In the data below, one line contains "Xupes Reference: W007637" and a later one contains "Case Material: Stainless". Print both, with every line between them, exactly and alone.

RECORDED DATA:
+++

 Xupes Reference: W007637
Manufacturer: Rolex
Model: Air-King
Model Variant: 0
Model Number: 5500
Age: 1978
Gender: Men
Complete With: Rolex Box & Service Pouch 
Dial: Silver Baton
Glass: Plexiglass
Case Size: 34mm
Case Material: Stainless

+++

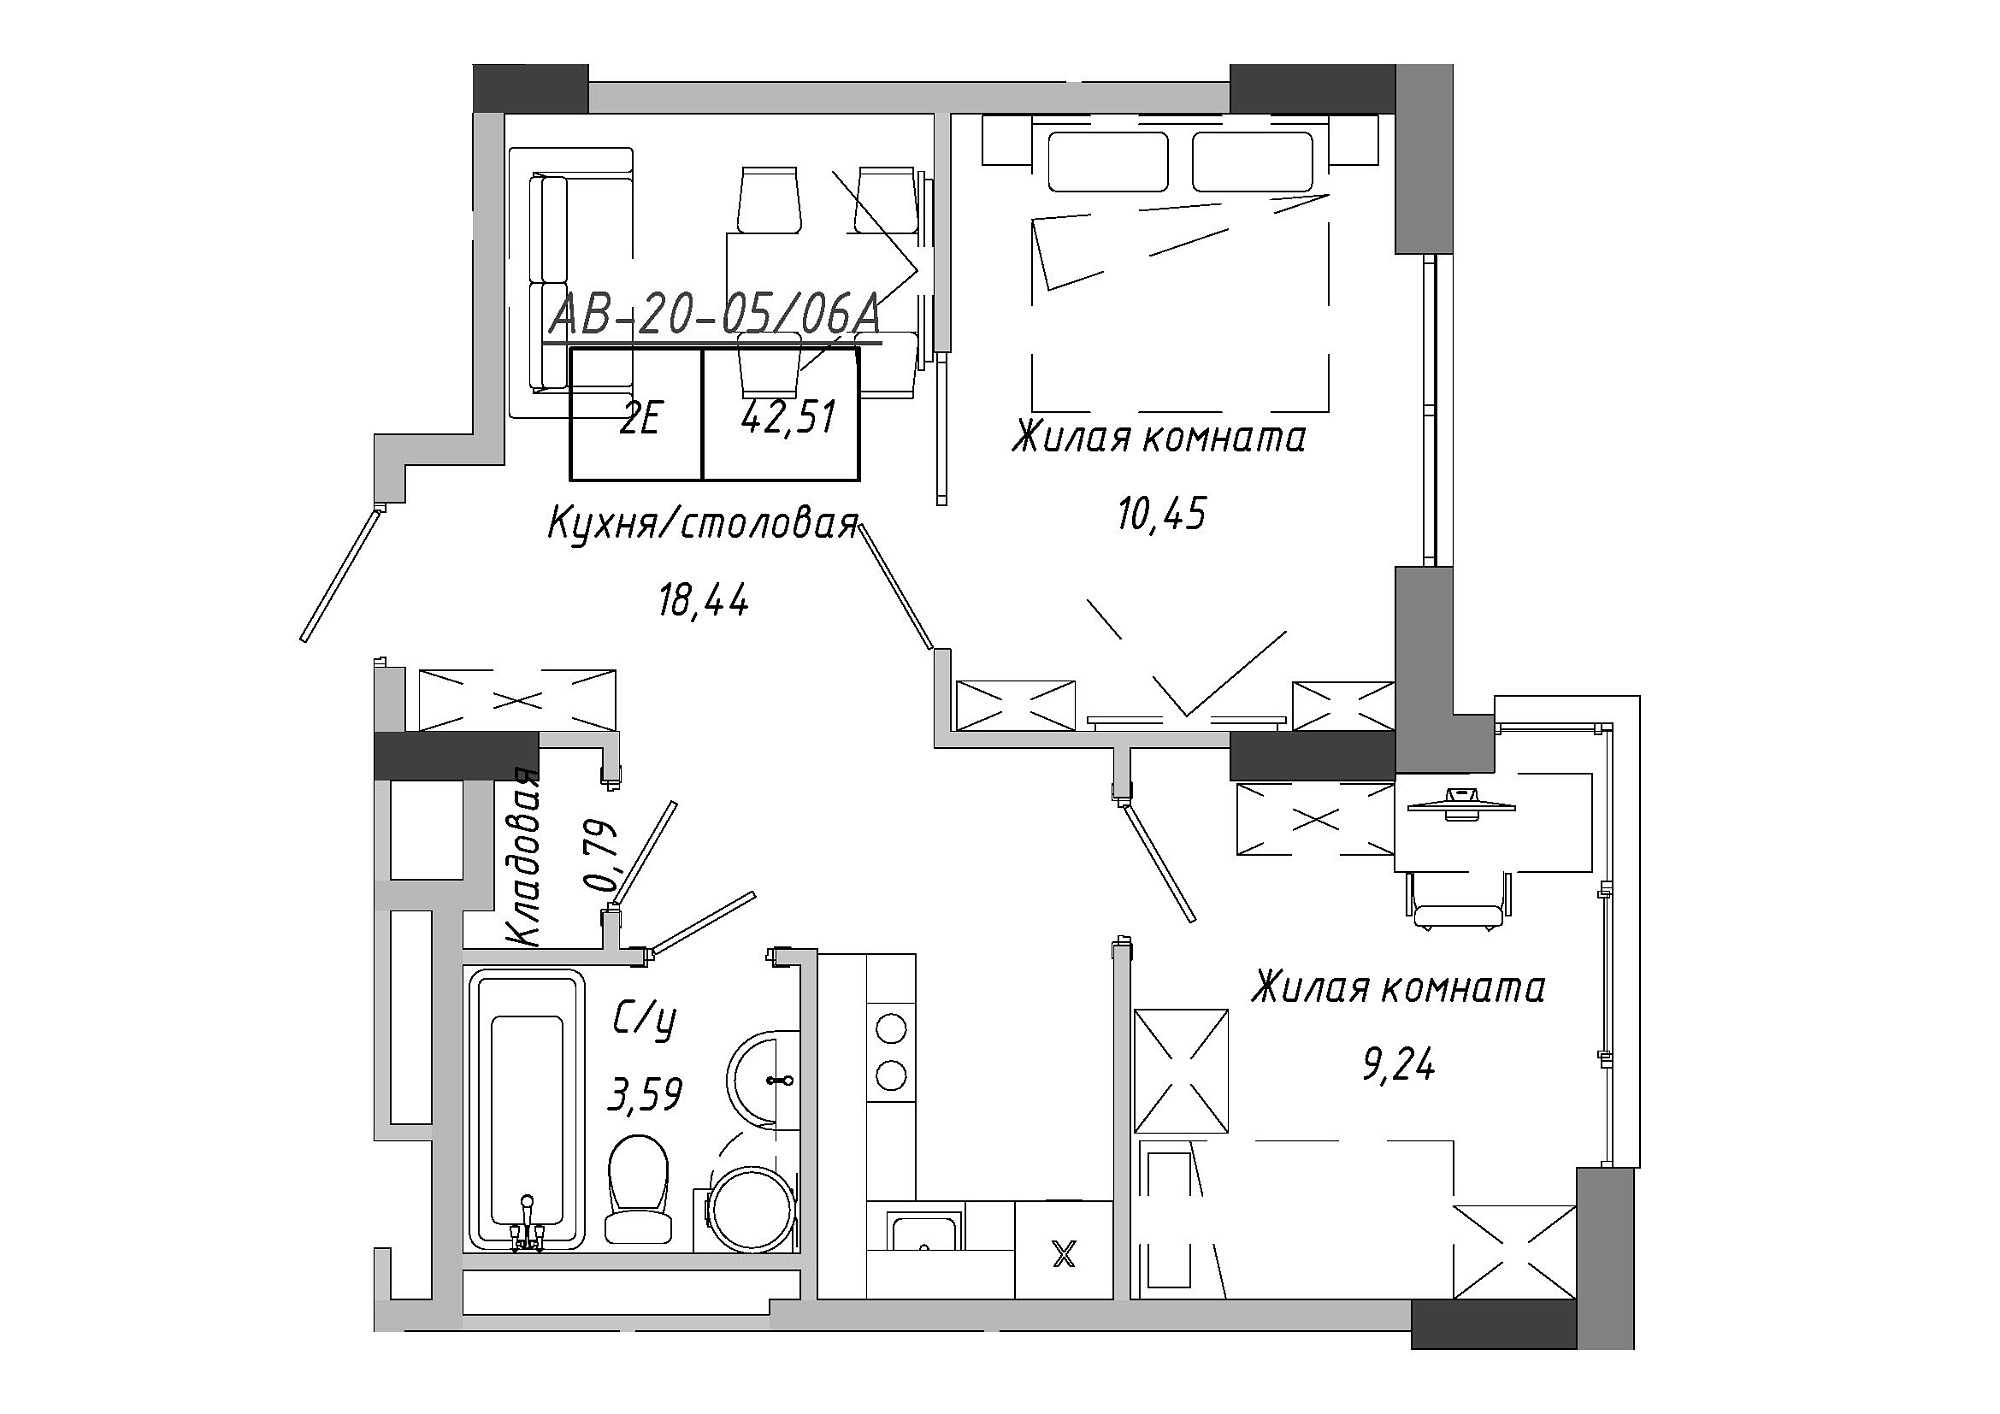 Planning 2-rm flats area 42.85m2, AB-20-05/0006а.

+++

EXPECTED OUTPUT:
 Xupes Reference: W007637
Manufacturer: Rolex
Model: Air-King
Model Variant: 0
Model Number: 5500
Age: 1978
Gender: Men
Complete With: Rolex Box & Service Pouch 
Dial: Silver Baton
Glass: Plexiglass
Case Size: 34mm
Case Material: Stainless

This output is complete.